Action item
Word for word, repeat the data that follows. Do not include the pictures.

Source material

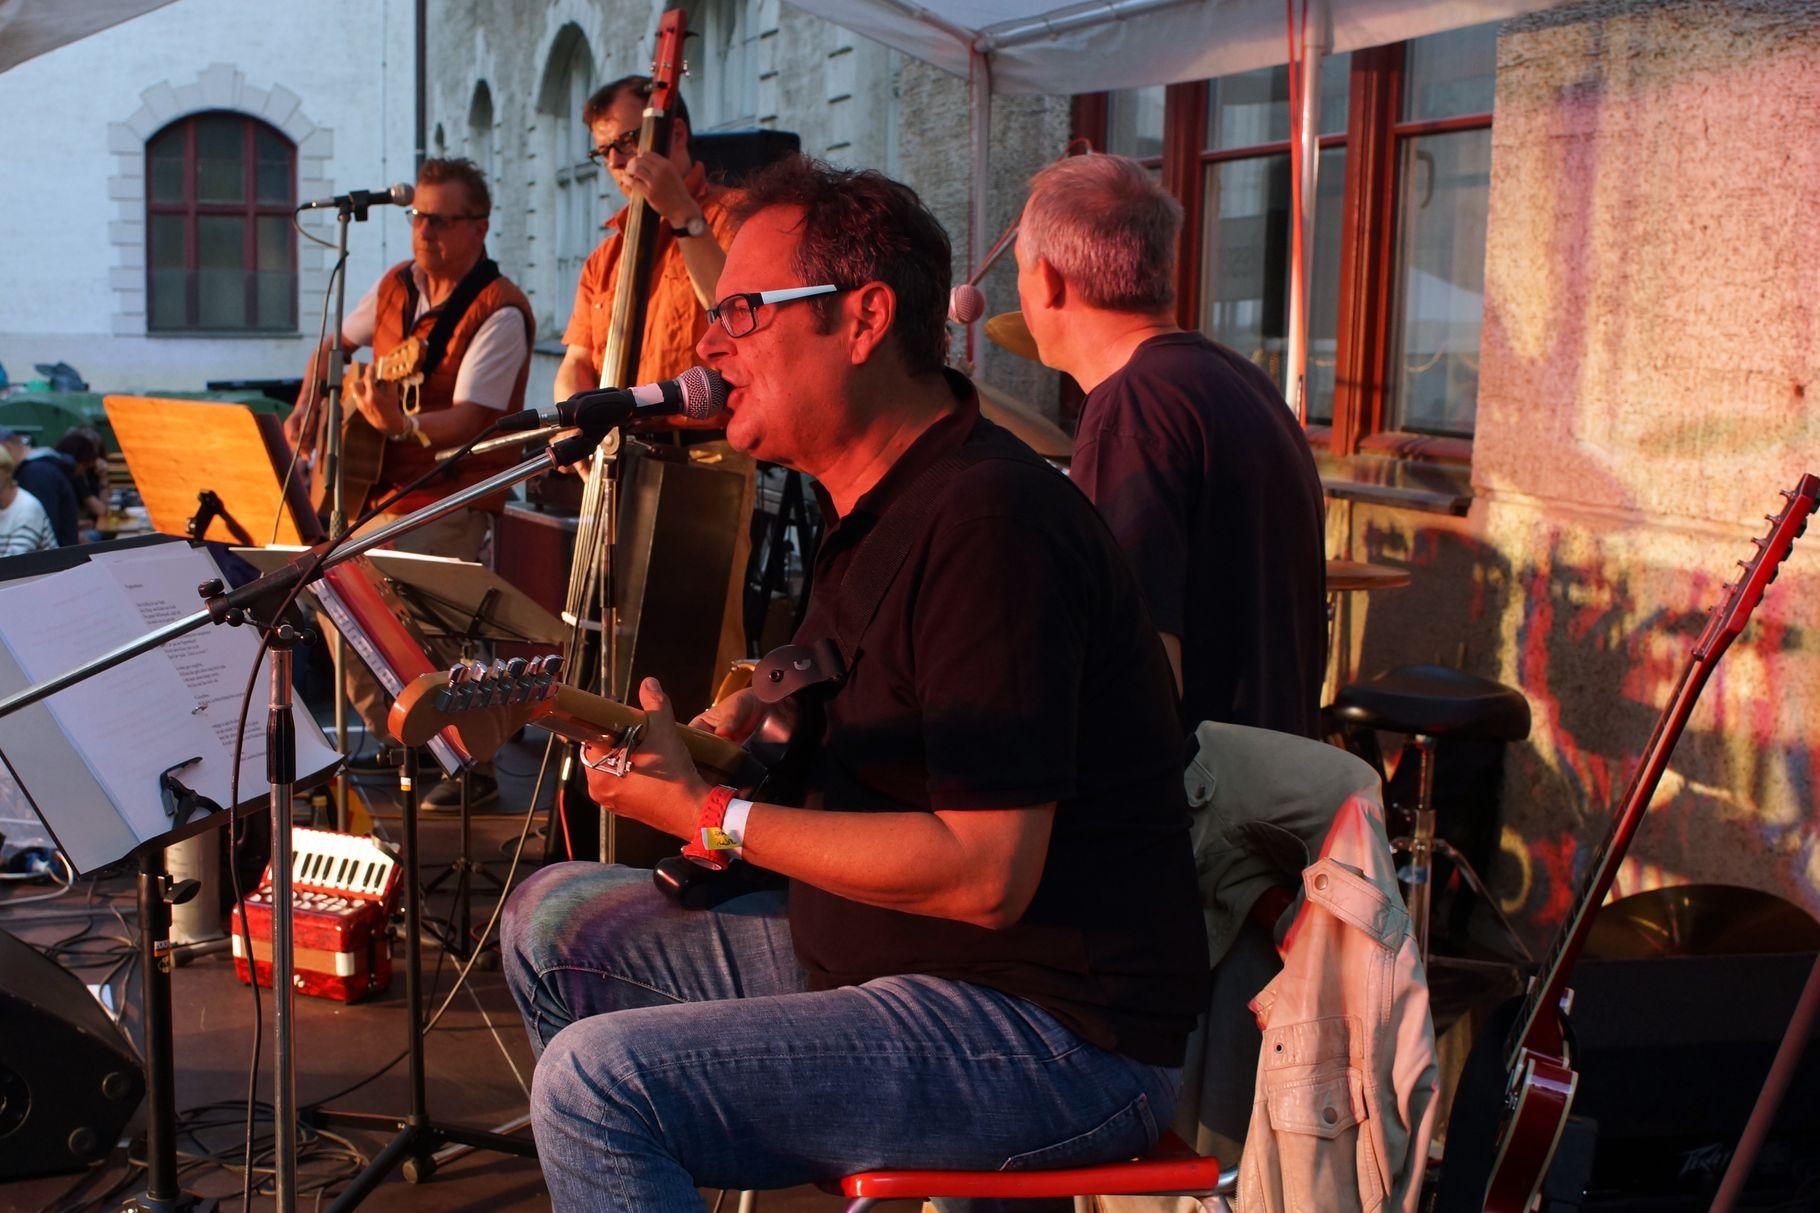 Konzerte im Bürgerhof 27.06.14 Zappek - Freiwilligen-Zentrum Augsburg - Foto: Crayfish
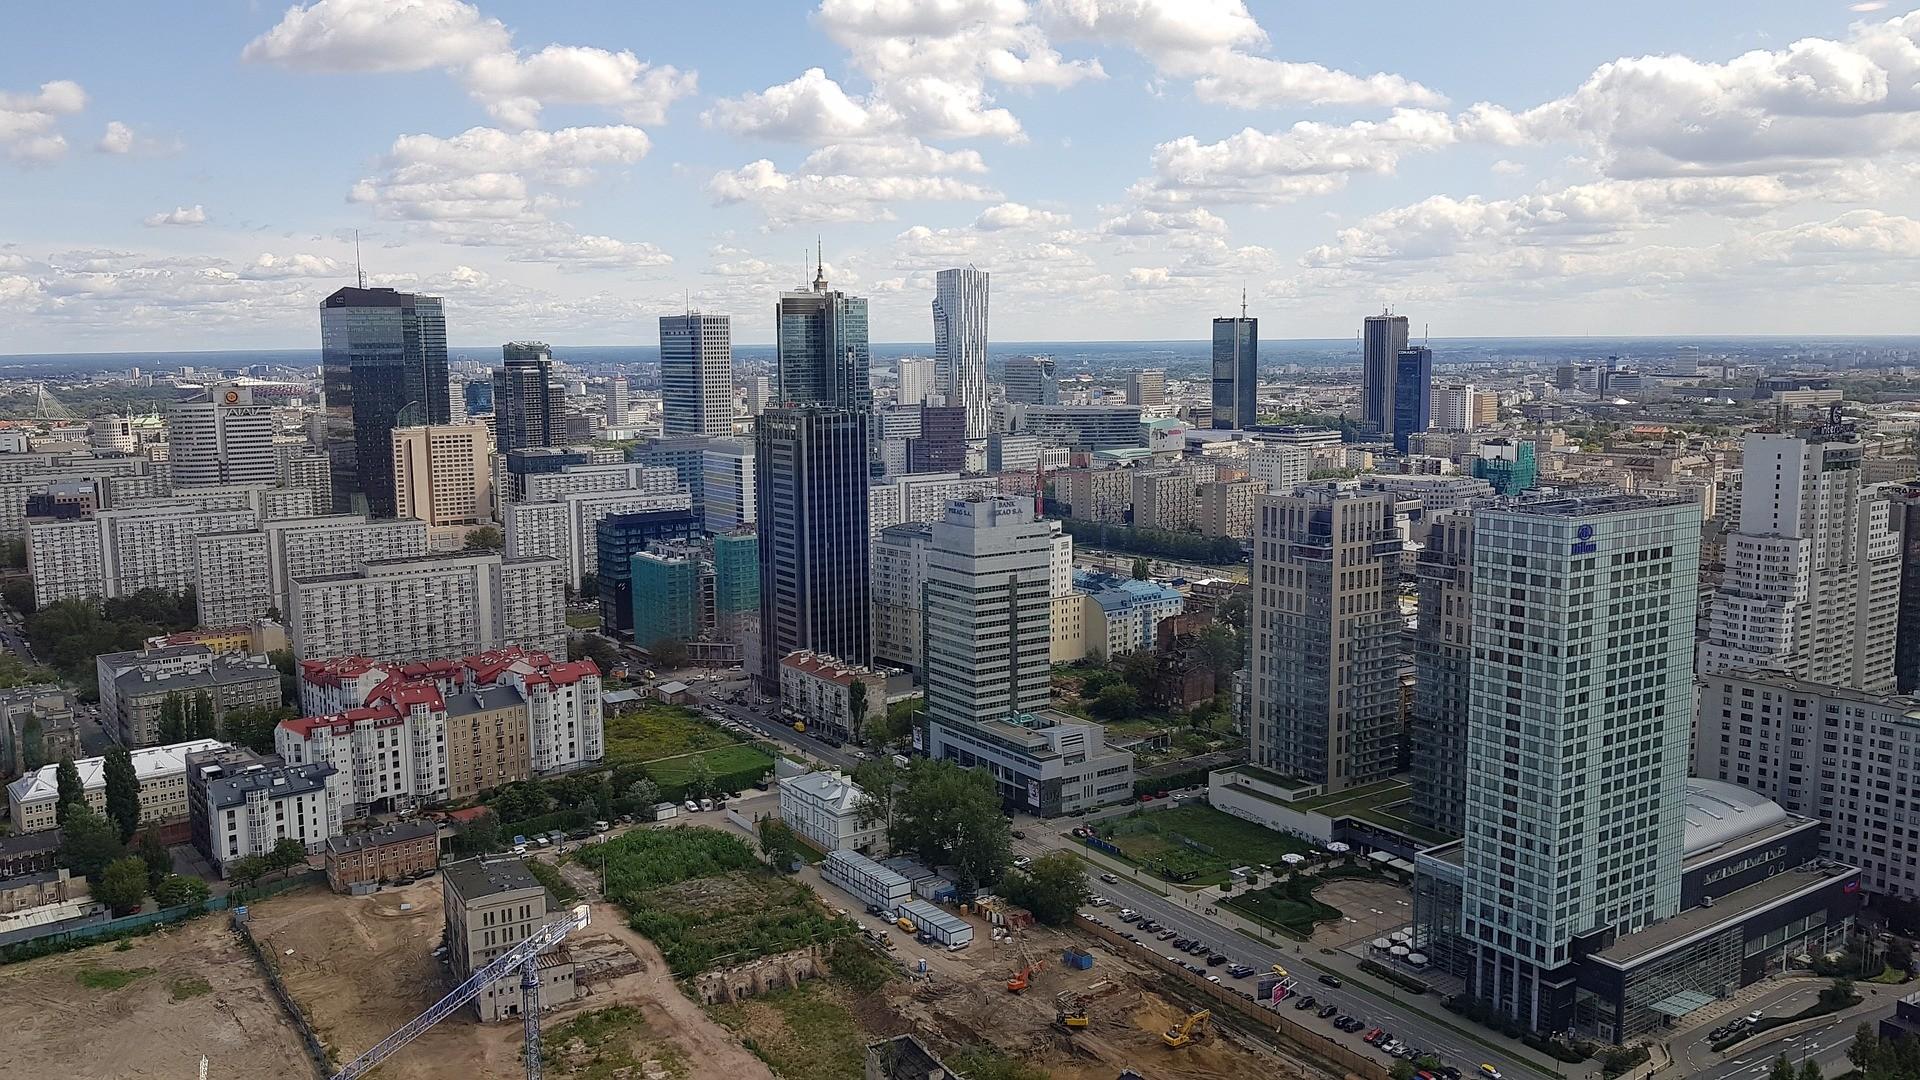 Erasmusowe doświadczenia z Warszawy, Polska oczami Derek'a
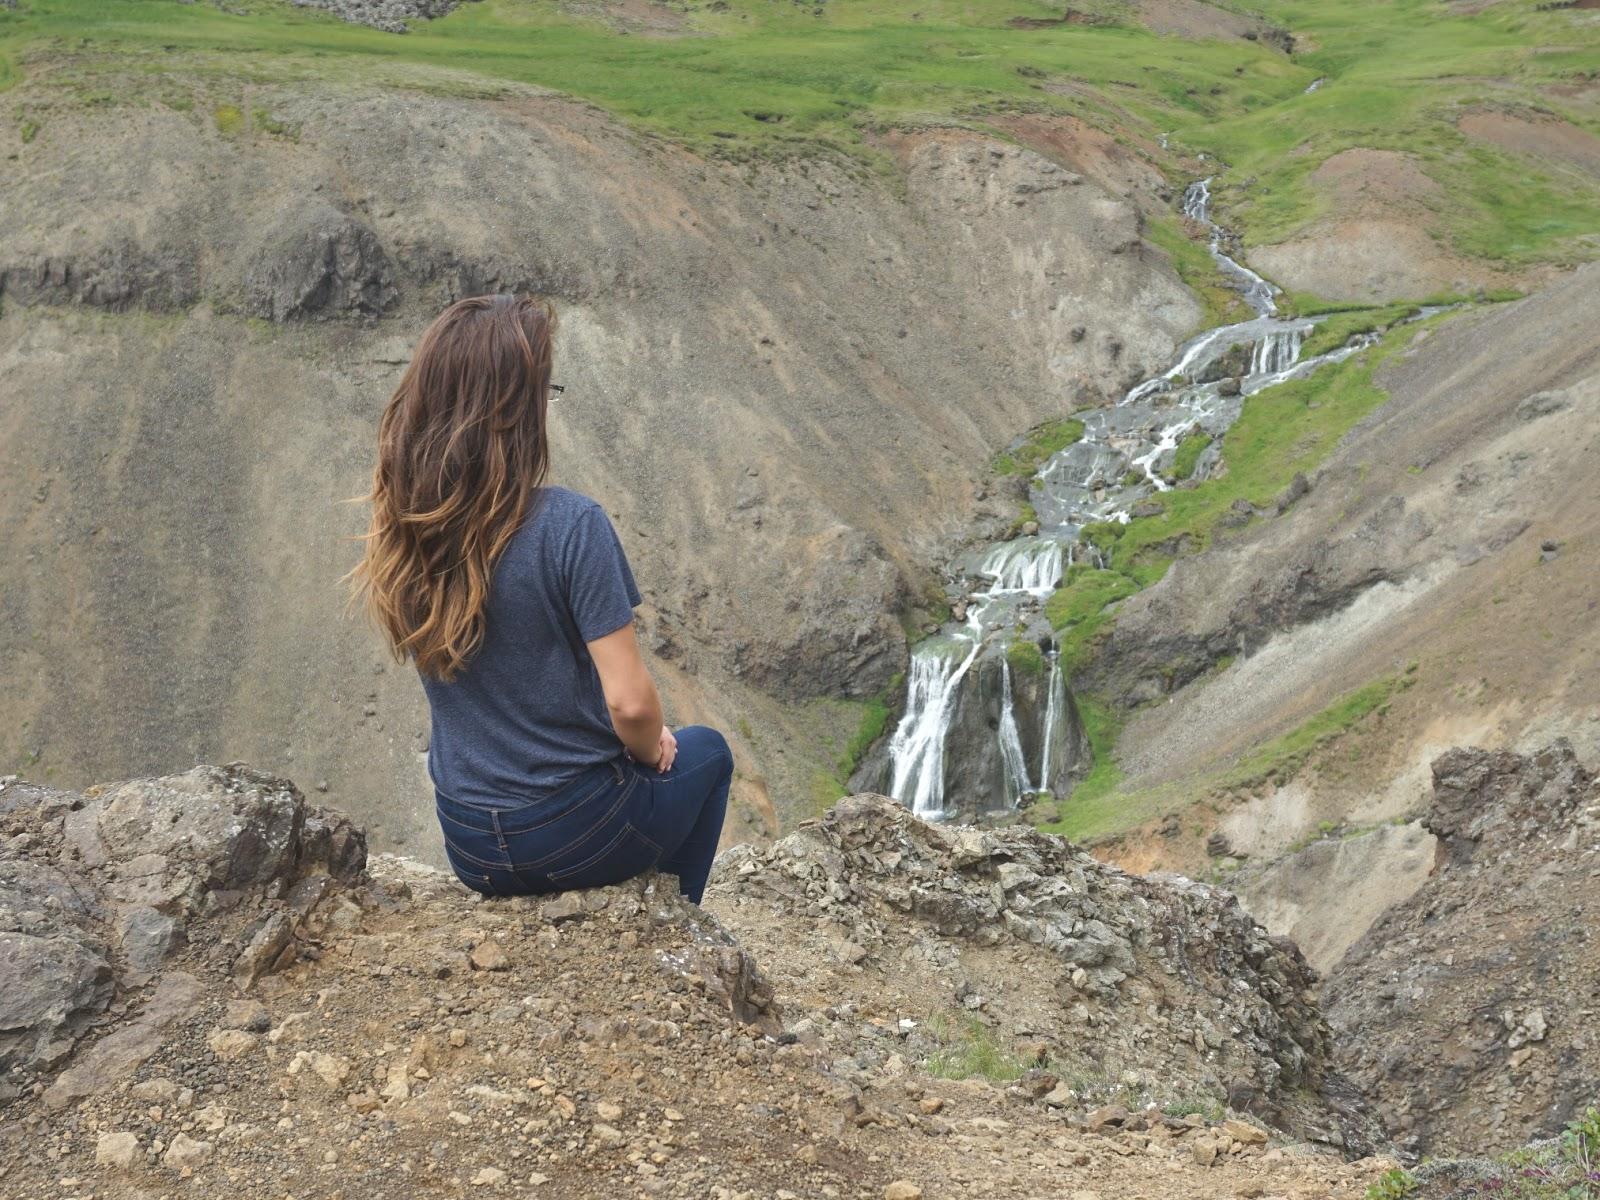 wodospad, Reykjadalur, Islandia, Południowa Islandia, panidorcia, blog, blog o Islandii, wakacje w Islandii, Islandia zwiedzanie, gorące źródła, pola geotermalne

Answer area
 Konzerte im Bürgerhof 27.06.14 Zappek - Freiwilligen-Zentrum Augsburg - Foto: Crayfish
 Erasmusowe doświadczenia z Warszawy, Polska oczami Derek'a
 wodospad, Reykjadalur, Islandia, Południowa Islandia, panidorcia, blog, blog o Islandii, wakacje w Islandii, Islandia zwiedzanie, gorące źródła, pola geotermalne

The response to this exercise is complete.